**Workbooks and worksheets**

Excel works with files called **workbooks**. Each workbook contains one or more spreadsheets, called **worksheets**. Each worksheet consists of **cells** organized in a rectangular grid. The rows of a worksheet are labeled with a number and the columns are labeled with a letter or series of letters. The first row is labeled 1, the next 2 and so on. The first column is labeled A, the next B, etc. The column after Z is labeled AA, and then AB, AC, and so on. The column after AZ is BA, and then BB, BC, etc.
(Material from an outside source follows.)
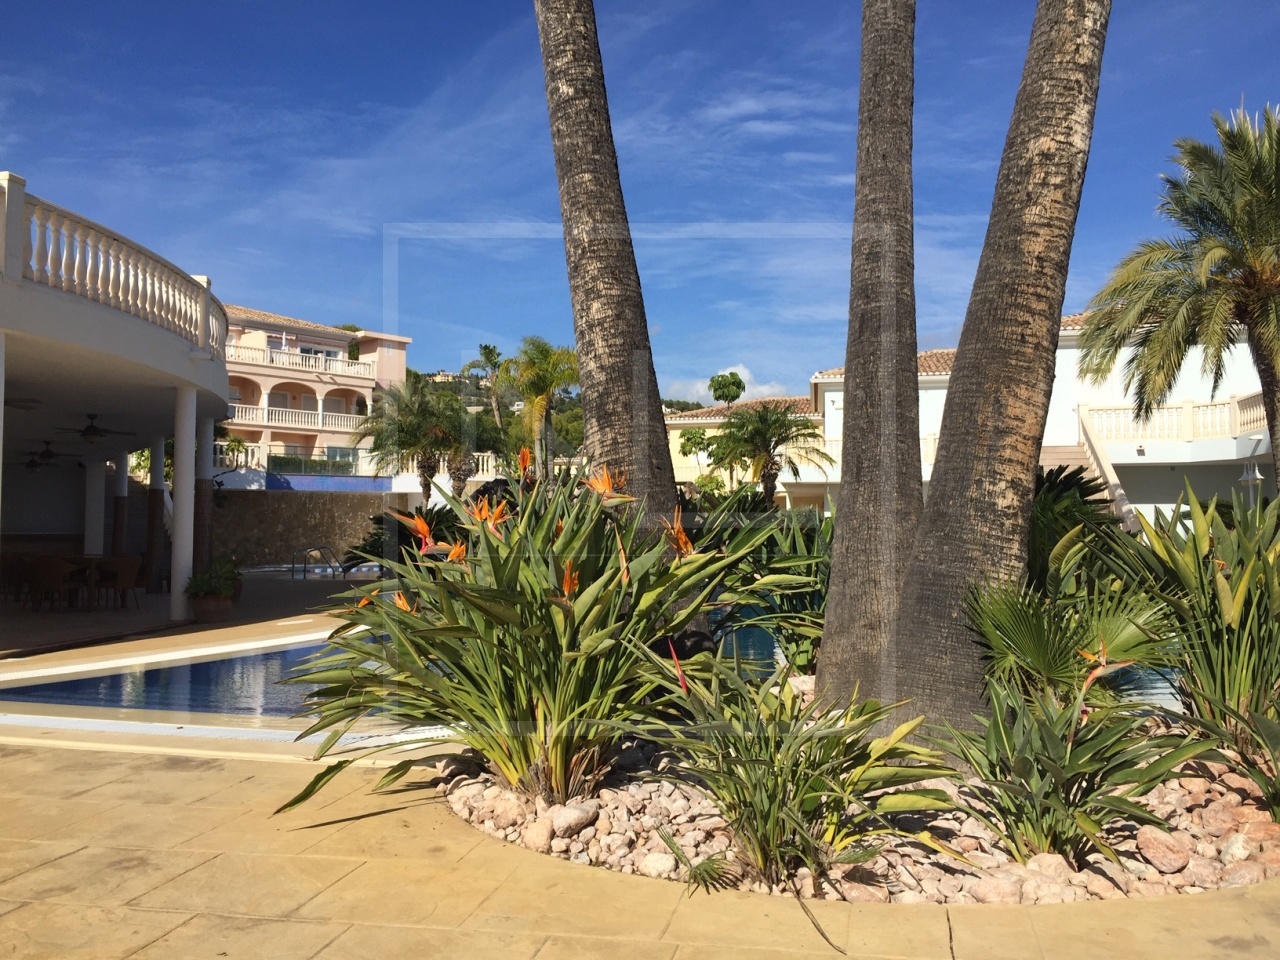 2 bedroom 2 bathroom Managed Complex Apartment For Sale in Benissa Costa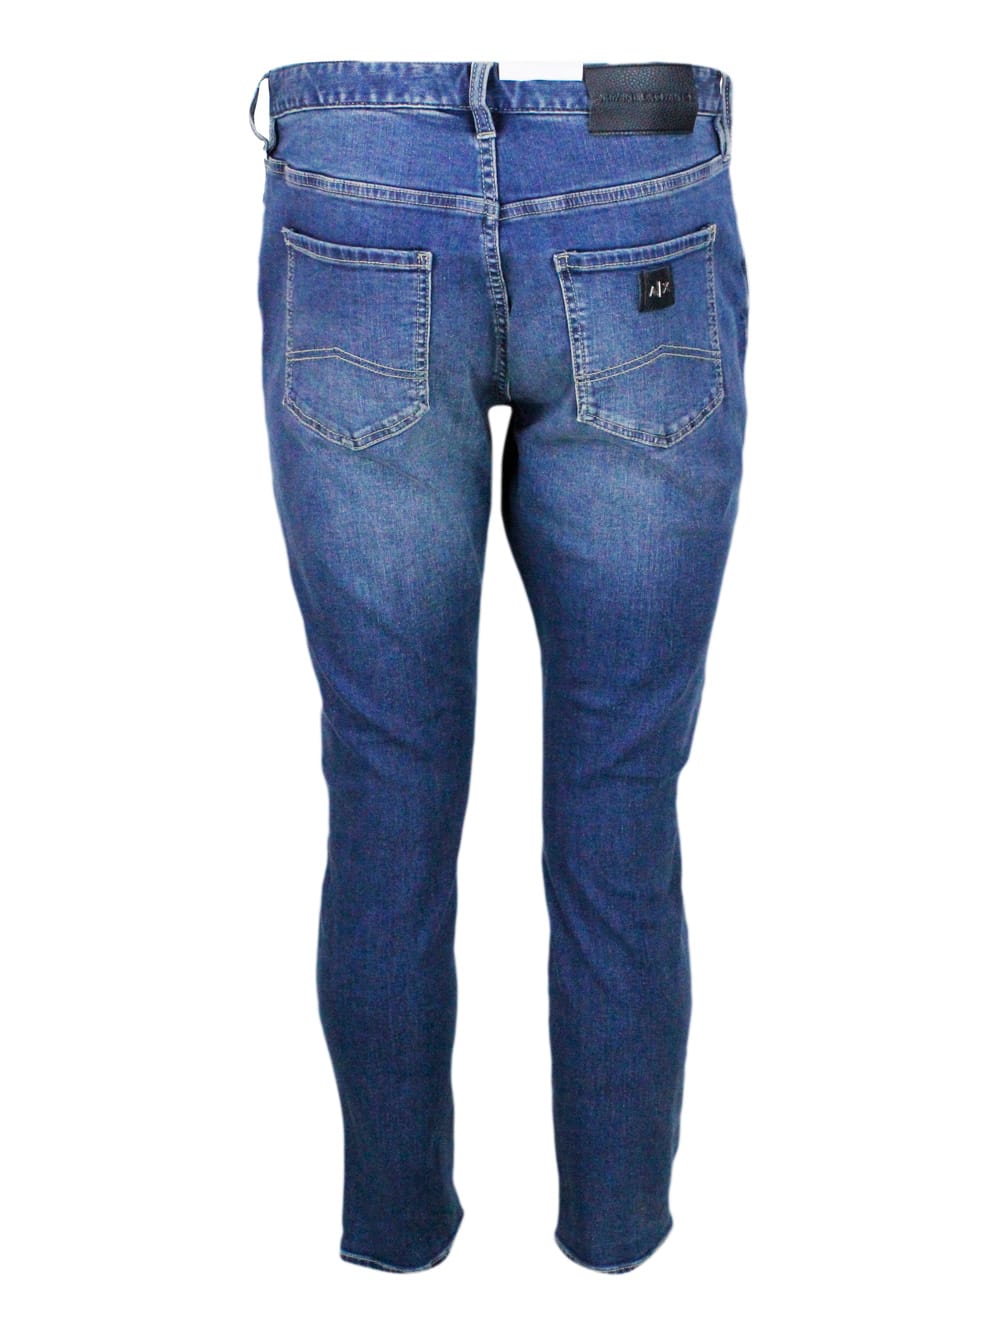 Shop Armani Collezioni Skinny Jeans In Soft Stretch Denim With Contrasting Stitching And Leather Tab. Zip And Button Closur

The column after ZZ is AAA, and then AAB, AAC, etc.

**Figure 1 – Sample Excel Worksheet**

Each worksheet in Excel 2007/2010/2013/2016 can contain up to 1,048,578 rows and 16,384 columns (i.e. column A through XFD).

**Cell values, addresses and ranges**

You can enter any of the following into a cell:

- A number (e.g. 45 or -23.006)
- Text (e.g. London)
- A truth value (TRUE or FALSE)
- A formula (e.g. =SUM(A4:B7)/4)

If you want Excel to treat a number as text then you need to precede the number with a single quote – e.g. ‘4.5 is considered to be the text 4.5.

Each cell also has an **address**, consisting of a row and column label. E.g., in Figure 1 the cell with address A5 contains the text “London”, while the cell with address C6 contains the number 8.1.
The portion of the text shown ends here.